I find the article infuriating, with its proofs by assertion, guilt by association, slippery logic, and the sprinkling of escape clauses that could be intended as vaccinations against future criticism. Maybe there’s a good payoff in personal branding to play contrarian against the momentum of renewables, but there is already so much misinformation flowing from so many suspect sources, that “experts” should avoid adding to it. Much more damage is done when a reputable author publishes “soft scorn” in a reputable magazine, than when blatantly partisan screed appears in blatantly partisan media.
Smil begins with an attempt to discredit Amory Lovins by citing his almost 40-year-old prediction on the speed at which renewable energy would spread, which turned out to be far too optimistic. There is no mention of any broader context, such as federal policy decisions that effectively delayed renewables for decades. A reader unfamiliar with Lovins might infer he is not a good source, and might therefore miss his 2011 book Reinventing Fire, which is probably the best researched (and sourced) plan available for shifting the US from a fossil-based to a renewables-based economy—and with a net gain to the economy! Or his August 2013 article “Separating Fact from Fiction In Accounts of Germany’s Renewables Revolution“ which is probably the best debunking of the oft-echoed anti-solar myths that Germany’s electrical grid is being sabotaged by the high percentage of renewables, that Germany is turning back to coal, etc.
Smil continues by claiming that the slow pace of renewables “is not surprising. In fact it is expected” because shifts from one source of power to another always take 50 or more years. He provides charts showing the growth of coal, oil, natural gas, and “modern renewables” (wind, solar, geothermal, liquid biofuels) as a percent of global energy supply plotted over the decades since 1840. However, elsewhere in the article he admits: “A mere three sequences do not dictate the tempo of future global energy transitions. And [breakthroughs in nuclear power or energy storage] could hasten another change.”
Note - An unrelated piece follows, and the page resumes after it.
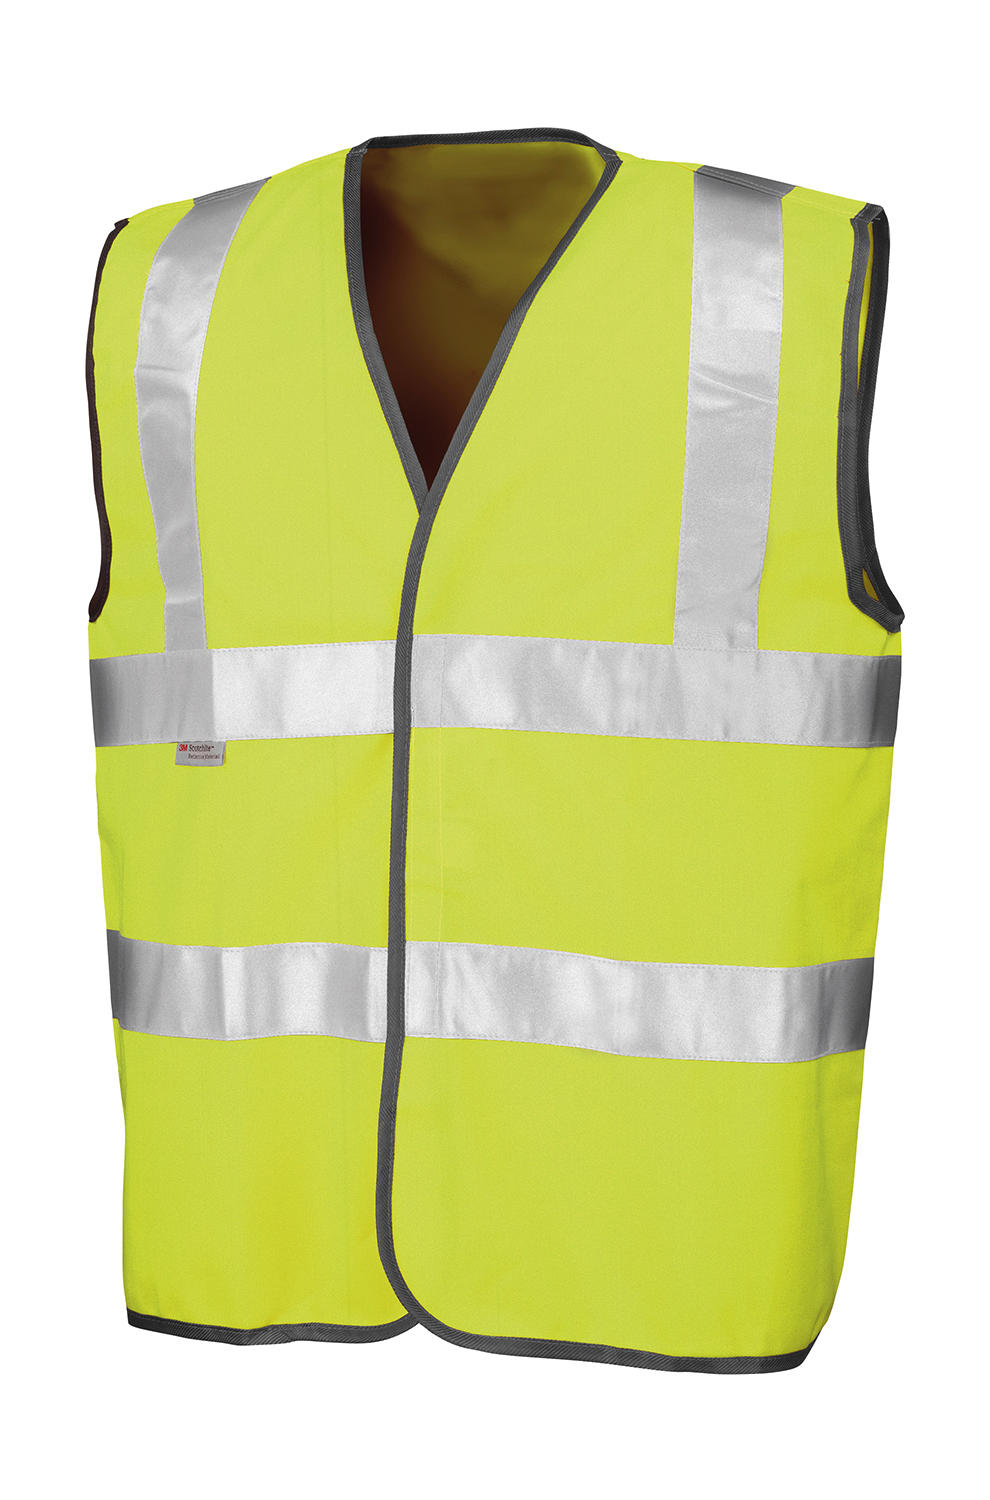  Safety Hi-Vis Vest in Farbe Fluorescent Yellow

Exactly. Given the tremendous scale of change wrought by technology and politics and population in the 170 years since coal hit Smil’s entry-level mark of 5% of world energy supply, why is his timeline to fuel dominance anything but coincidence? He spends plenty of space describing why each timeline is accurate, but no space arguing why they are or should be or must be similar. The world is littered with the debris of claims of causation found to be mere correlation (see any superstition, or the ultimate global average temperature versus the number of pirates). Even taking on faith that Smil’s timeline could be predictive, it should halt at fossil fuels. Nuclear power is a glaring counter-example of a major power source that did not follow Smil’s timeline and therefore invalidates it for non-fossil fuels. Nuclear is far from dominant more than 50 years since the days of “Our Friend the Atom” and has by now achieved, at best, a very dubious future.
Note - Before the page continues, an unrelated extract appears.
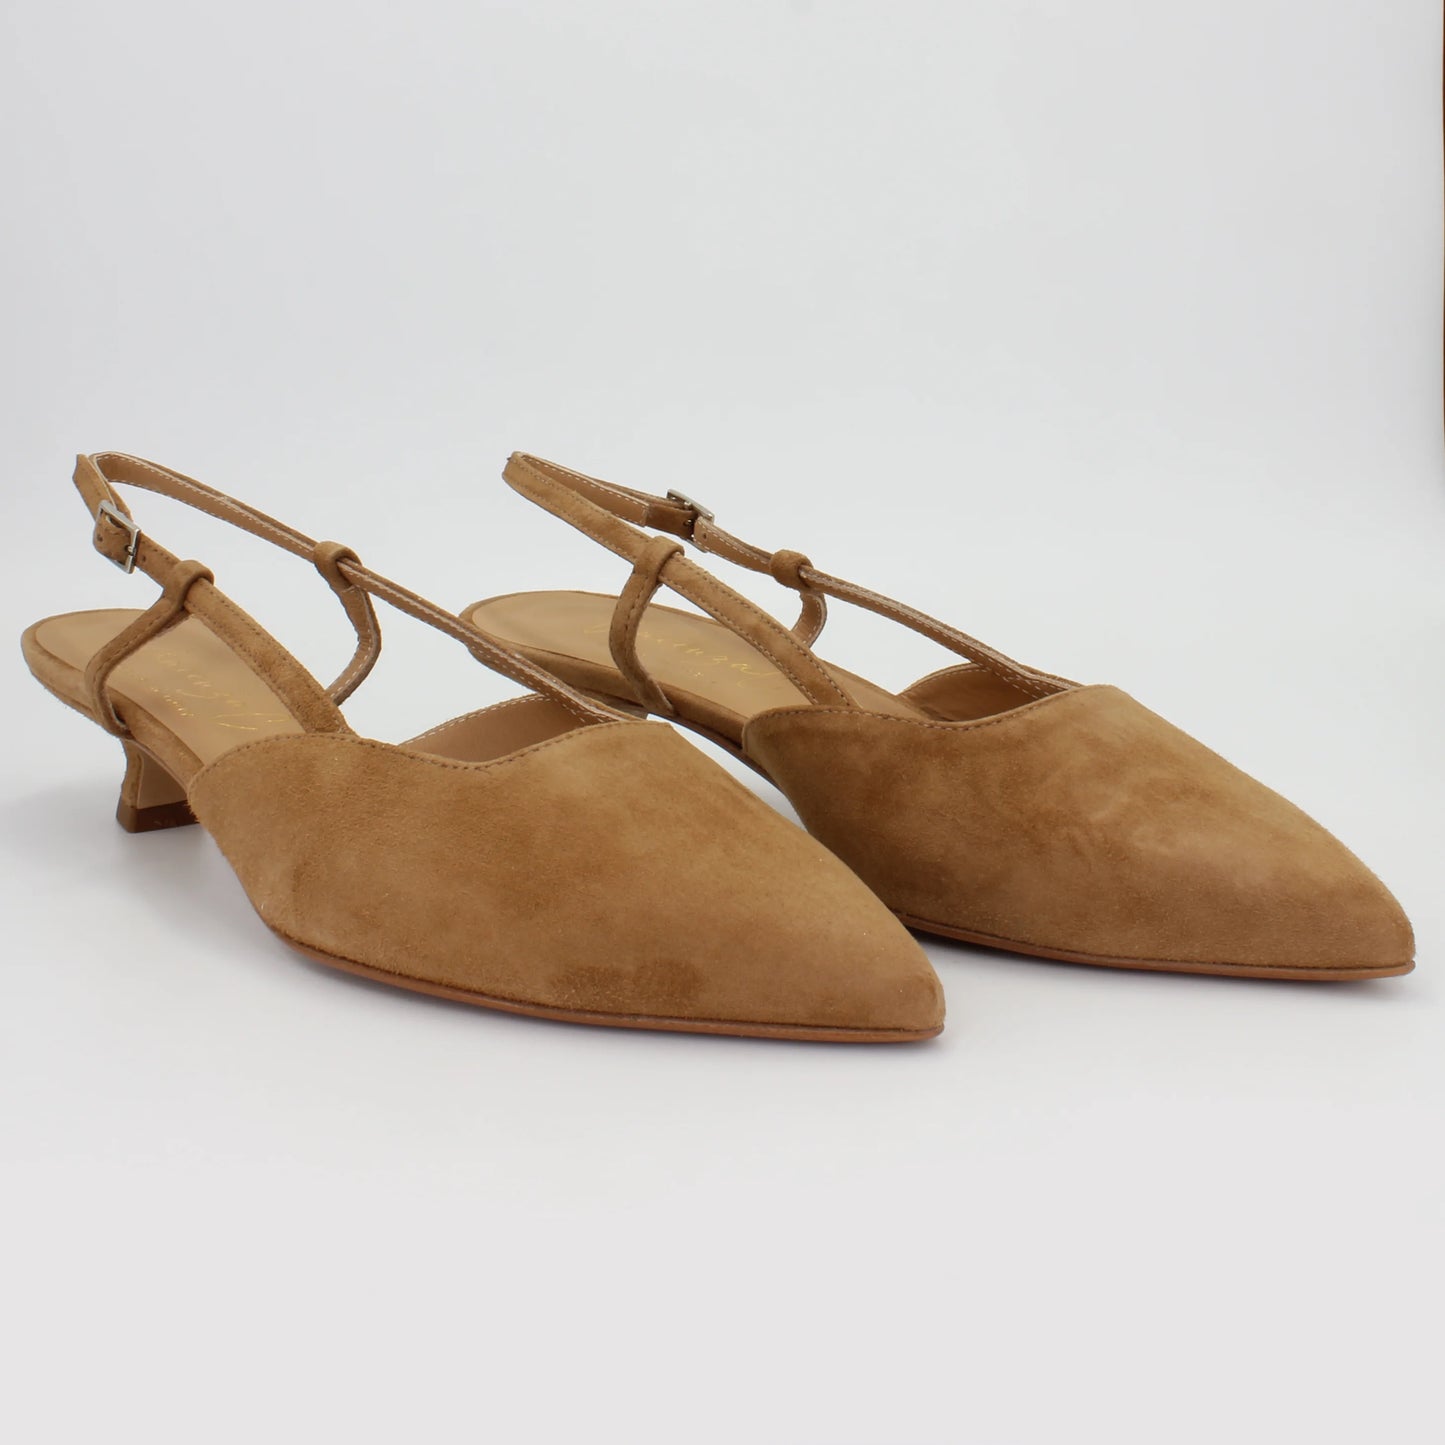 Shop Handmade Italian Leather Suede Low Sling Back Heel in Sella (VO5) or browse our range of hand-made Italian shoes for women in leather or suede in-store at Aliverti Cape Town, or shop online. We deliver in South Africa & offer multiple payment plans as well as accept multiple safe & secure payment methods.

On the other hand, the accelerating adoption of renewables has clear, major causal drivers. One is the imperative to shrink carbon emissions to better manage the consequences of a warming planet. Another is the cost of solar, which tracks an exponential curve downward (not unlike Moore’s law for integrated circuits), versus fossil fuel extraction and production costs which will continue to climb relentlessly, if not monotonically higher. The adoption of distributed solar where there is no reliable grid is another driver, and it appears to be taking the same non-linear leap in many areas of the developing world, as the leap from no phones directly to cell phones did (skipping land lines). Yet another driver causing accelerated adoption of renewables is security. FBI Director James Comey recently said “Cyber attacks and organized cyber criminal activities will emerge as the greatest threat to national security over the next decade.” “Behind the meter” distributed solar combined with battery storage will become an ever more affordable and appealing alternative to power-grid vulnerabilities.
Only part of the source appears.